Corporate Universities Scam Thousands

Corporate Universities Scam Thousands

Amy Kennedy-Palma was a single mother working as the office manager for an ATM installation company in 2012 when she decided to go back to school.

“There wasn’t a whole lot of room for advancement, and of course wanting to look out for the future of my son, I wanted to go back to school,” she said.

Kennedy-Palma researched programs at the local community college in Battle Ground, Washington, located just 35 minutes north of Portland, as well as programs at Washington State University.

“What was really difficult for me at the time,” she says, “being a working single parent, I took all the overtime I could possibly get. I needed to work and therefore needed a program with flexible hours because I couldn’t sacrifice my paycheck.”

That’s exactly why Everest College, a for-profit school owned by Corinthian Colleges, appealed to Kennedy-Palma. It allowed students to complete the bulk of their work online, requiring students to be present in classes for only four hours each week.

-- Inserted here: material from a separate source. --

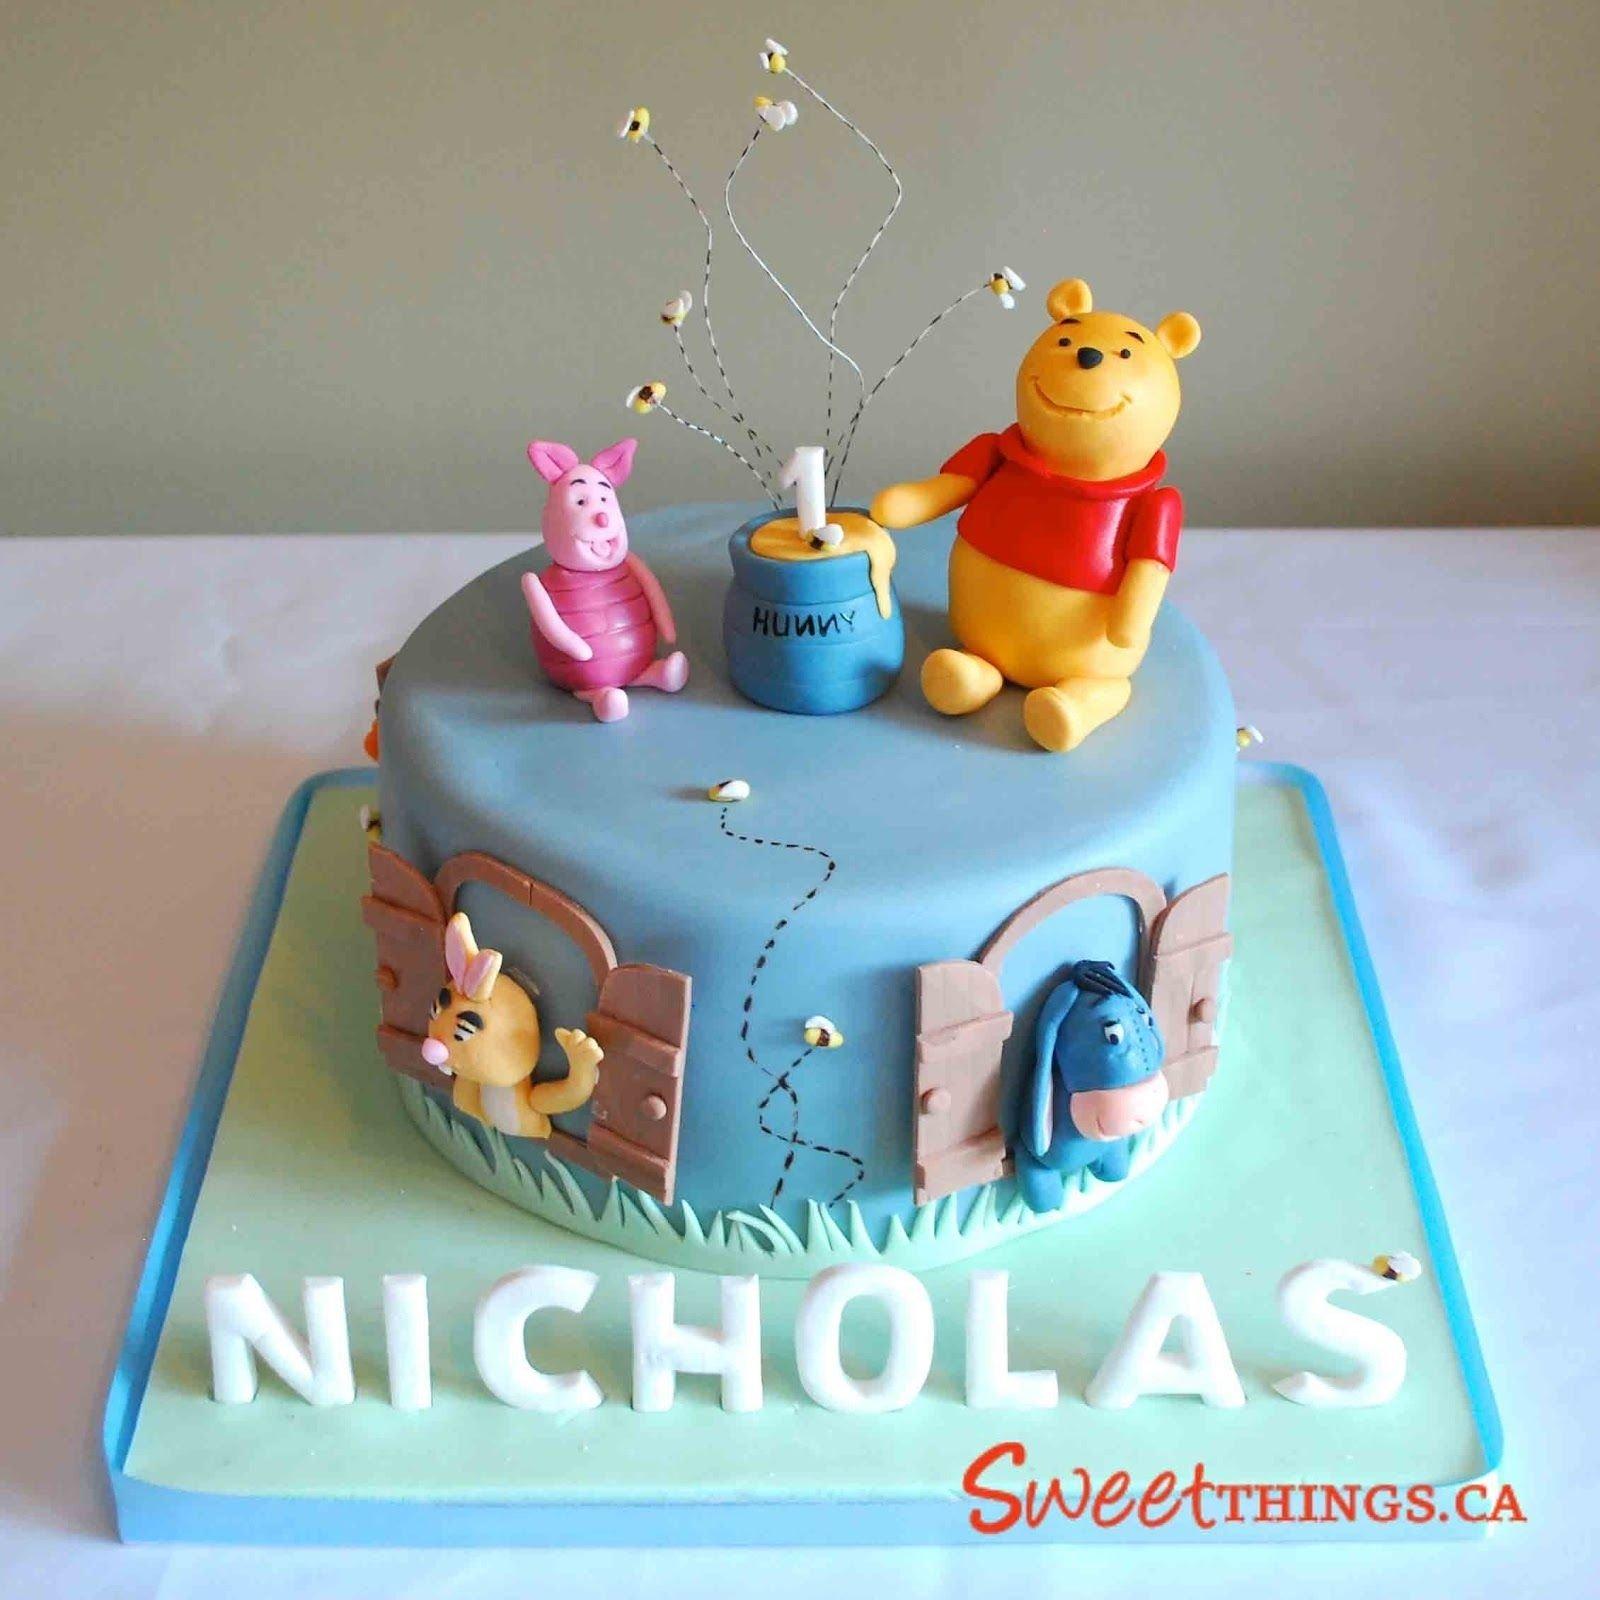 10 Fantastic Winnie The Pooh Cake Ideas sweetthings winnie the pooh cake party ideas pinterest 2020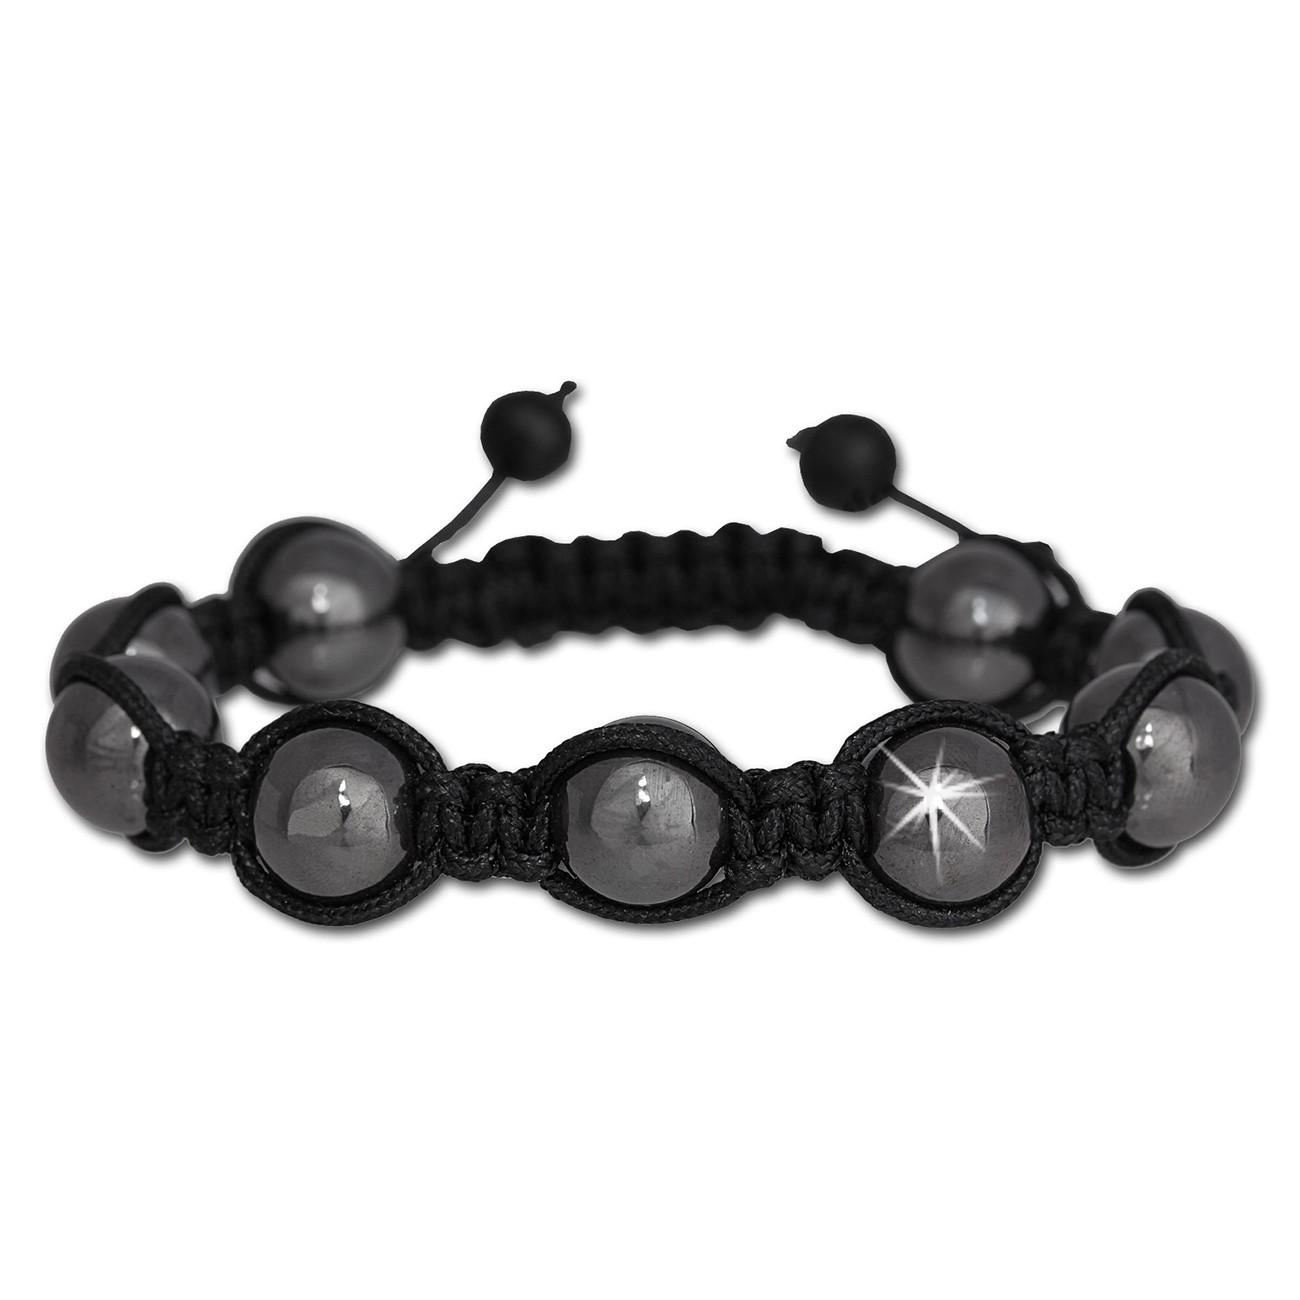 SilberDream Shamballa Armband Luxus schwarz aus Hämatit Kugeln SDY900

Little did she know then that five years later she would be entwined, along with tens of thousands of other student loan borrowers like her, in one of the biggest scams in the history of higher education – one that saddled students with hundreds of millions of dollars of debt and one that elevated obscure higher education regulations, like borrower defense-to-repayment, to national prominence.

Politsturm: The American education system is exactly what you get when you allow capital to exist alongside institutional education. The purpose is no longer to educate the populace and do what is best for the community. The purpose is to maximize profits for the private owners of capital. Workers and students such as Amy Kennedy-Palmer are just trying to achieve a good life and they are taken advantage of by private companies such as Corinthian Colleges Inc. . During its operative years the corporate elites and stockholders benefitted enormously until the company went bankrupt in 2015.

When education is made a commodity, investments flow directly into the educational institutions. For profit companies hire faculty, admit students, and teach classes.In order to achieve a profit, the company spends a massive amount in marketing towards students who are the customers. For every dollar the company spent in 2012 on “educational services”, it spent 40 cents on marketing. The company knowingly targeted low-income, single-parents to sell their “educational service” and realize a profit.When the school went bankrupt those same vulnerable individuals face the negative consequences of a worthless degree and insurmountable debt. This thievery is how the capitalist economic system operates. The bourgeois exploiters get rich off fraud while the workers and students are robbed blind.